How do you find the angle between A and B?
So, if |A x B| = A.B, then we must have sin (A,B) = cos (A,B). Therefore, the angle between A and B is 45 degrees. At one extreme of 0 degree angle, the dot product is highest and the cross product value is lowest (0).
What is the cross product of A and B?
A and B are two vectors. So, their sum A +B lies in the same plane where A and B lies (assuming non -parallel etc so they define a plane and the cross product between them is not zero.) A x B =| A ||B| sinα n, where α is the angle between A & B and n is the unit vector perpendicular to the plane containing A & B .
What is a → b → = – b → × a →?
Due to how the cross product if defined, one of its properties is that A → × B → = − B → × A →. This equality shows that A → × B → and B → × A → are equal in magnitude but are in in opposite directions.
What is the dot product of an angle between 0 and 90?
For an angle somewhere in between 0 degree and 90 degree, the dot product and cross product value are equal. As others have already answered, this angle is 45 degree. Assuming the two vectors are nonzero, otherwise the angle would not be well defined, the angle θ is, by definition, in the interval [ 0, π].

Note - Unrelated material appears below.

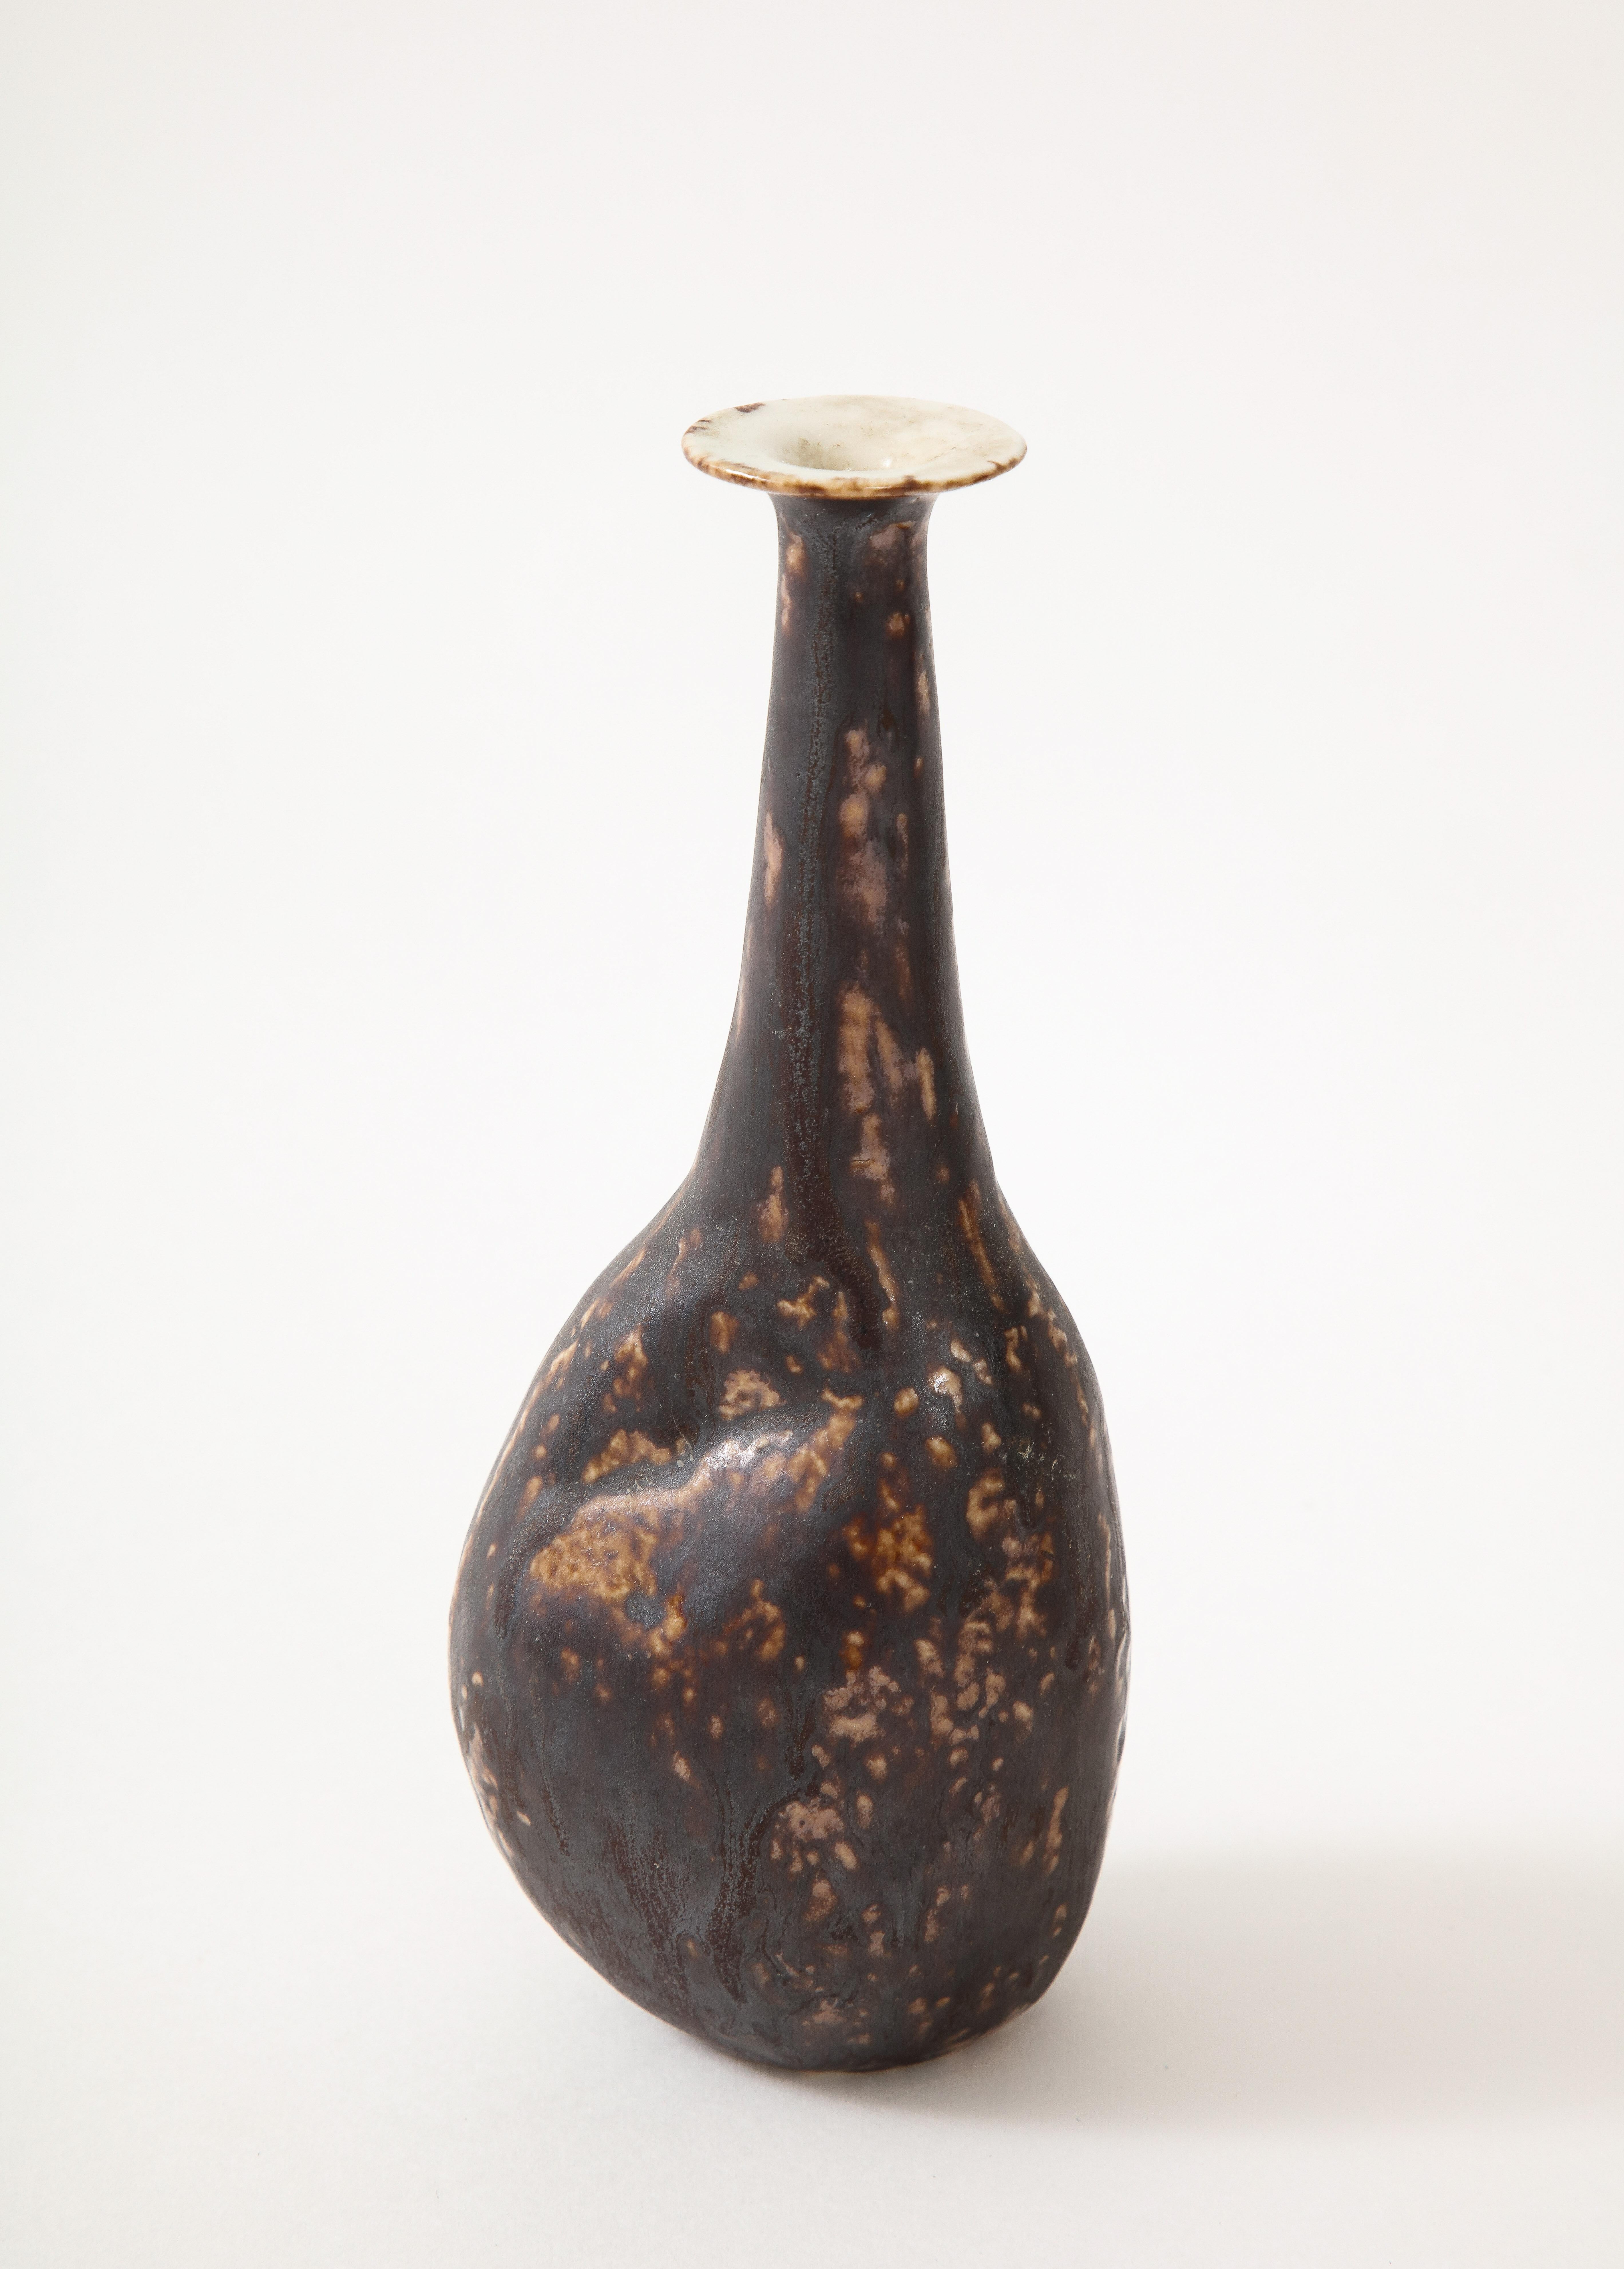 Bruno Gambone Set of Three Small Ceramic or Stoneware Vases, Italy, 1970s For Sale 3

An easier way to find the angle between two vectors is the dot product formula(A.B=|A|x|B|xcos(X)) let vector A be 2i and vector be 3i+4j. As per your question, X is the angle between vectors so: A.B = |A|x|B|x cos(X) = 2i.
What is the angle between a and b if the magnitude of resultant a B and AB are equal?

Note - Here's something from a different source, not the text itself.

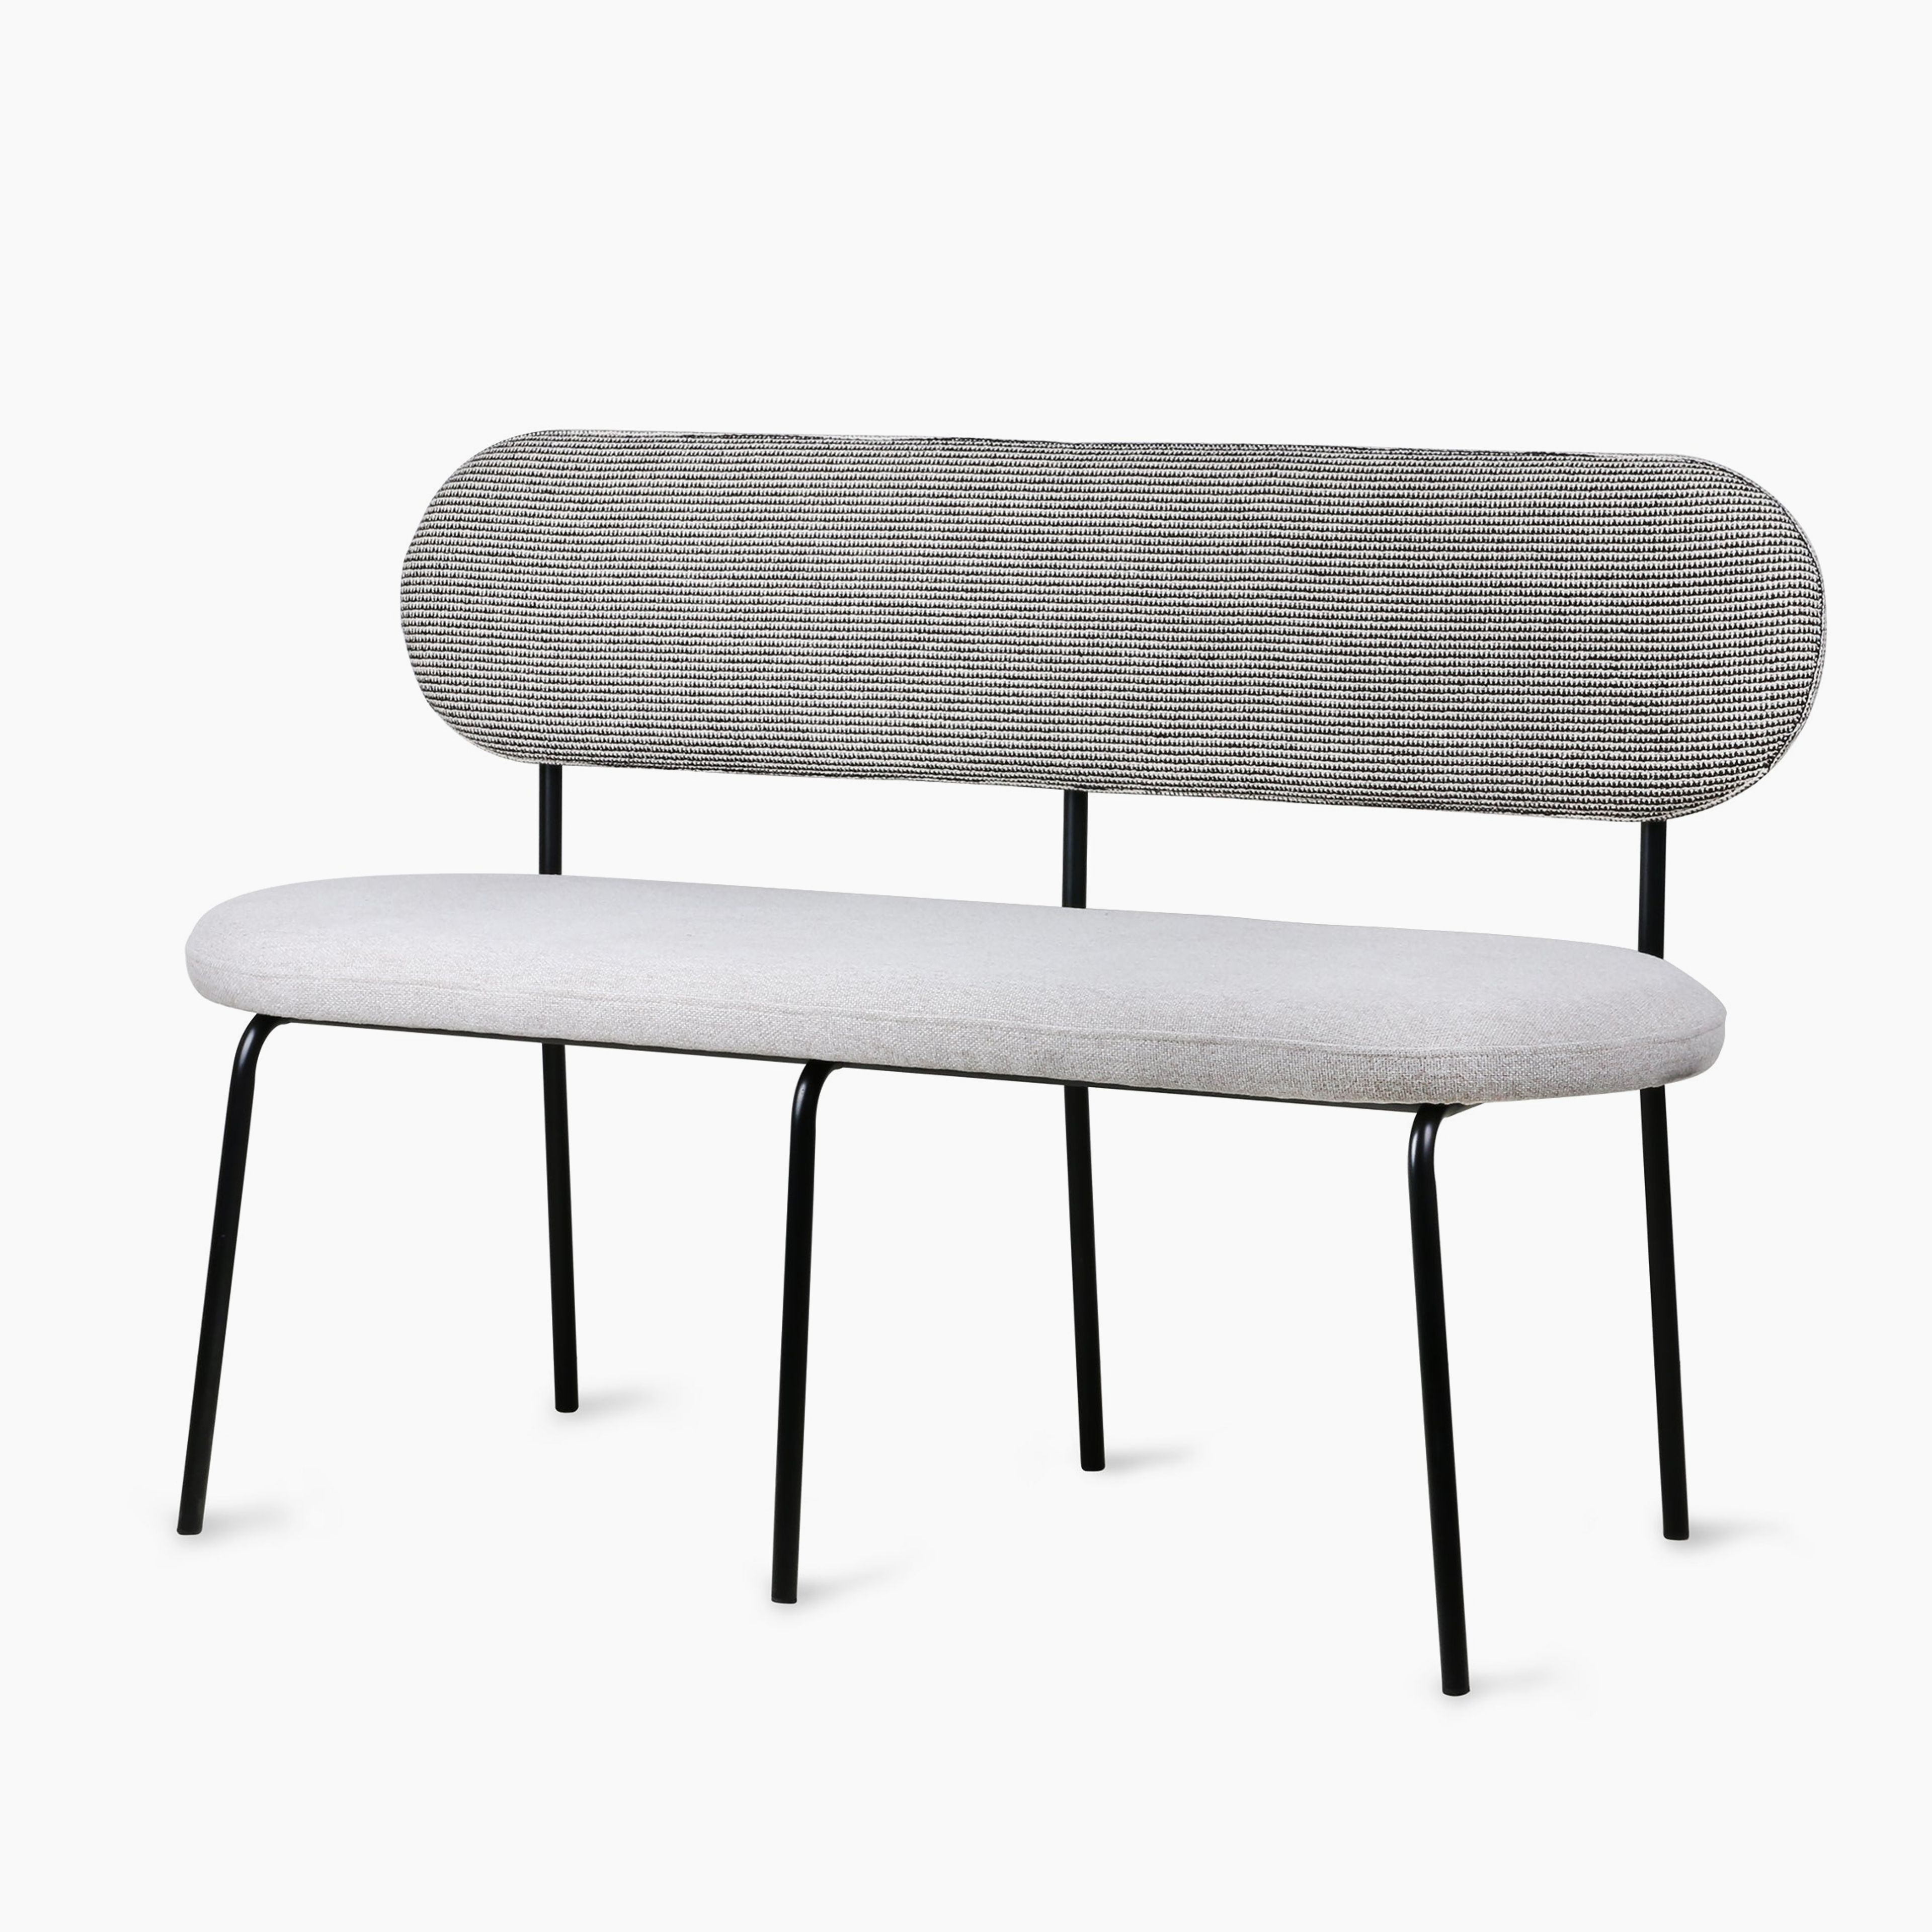 Mid century modern style bench - grey fabric

Let the resultant have magnitude equal to vector A. Hence, the angle between the two vectors is 120°.
What is the angle between A and B if A +B c such that c is perpendicular to A and A |=| C?

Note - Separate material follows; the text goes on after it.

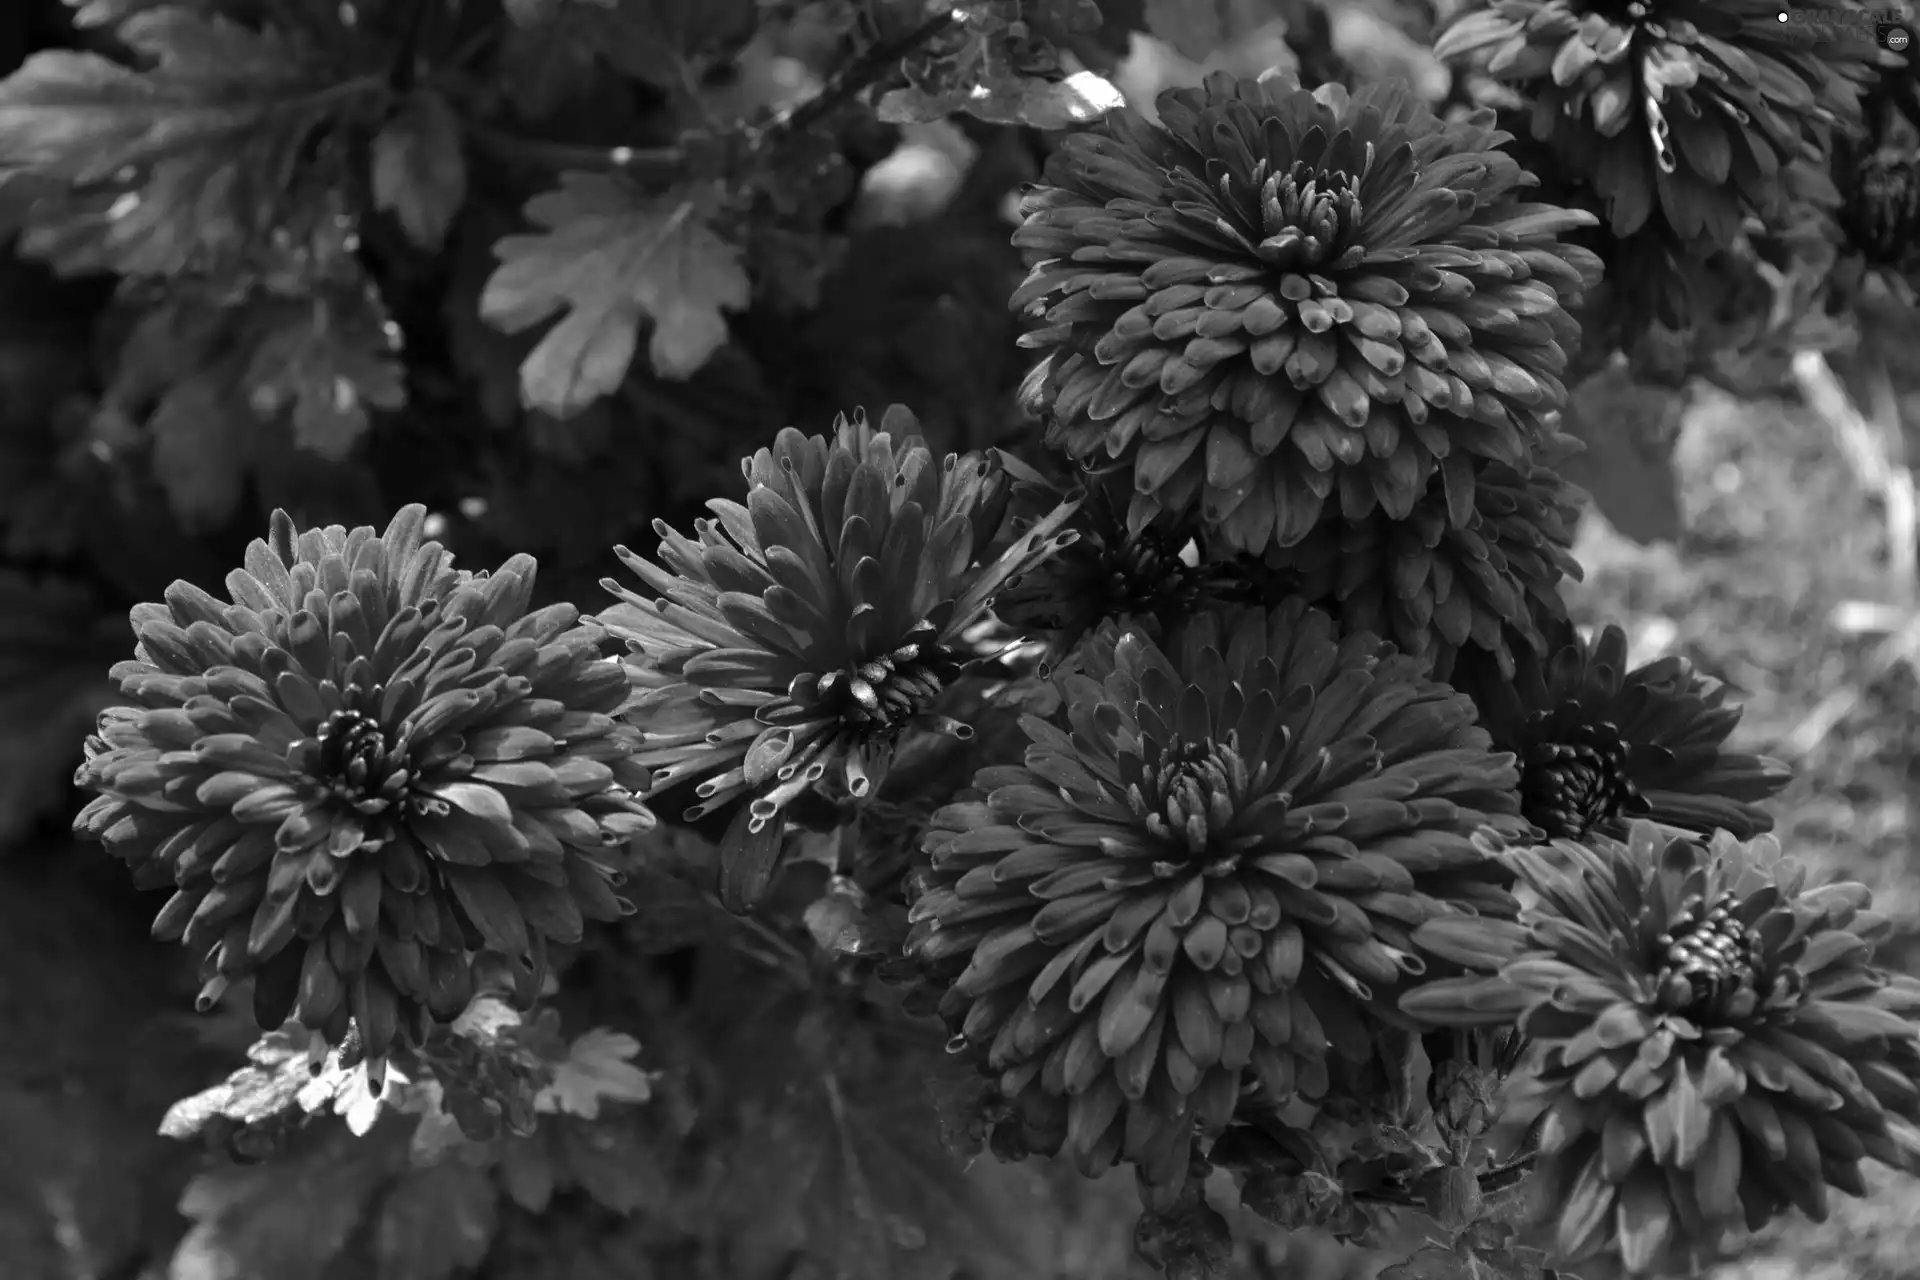 chrysanthemum, All Souls

A and C are equal to each other. And the angle in Isoceles triangle is 45° and in Equitorial traingle is 60°. So, the angle between A and B is 45°.
What is the angle between P and the resultant of P Q and P minus Q?
Step-by-step explanation: The resultant of this vector is twice in magnitude of vector P but having same direction. Therefore angle is 0°. hence angle between p and the resultant of p+q and p-q will be equal to zero.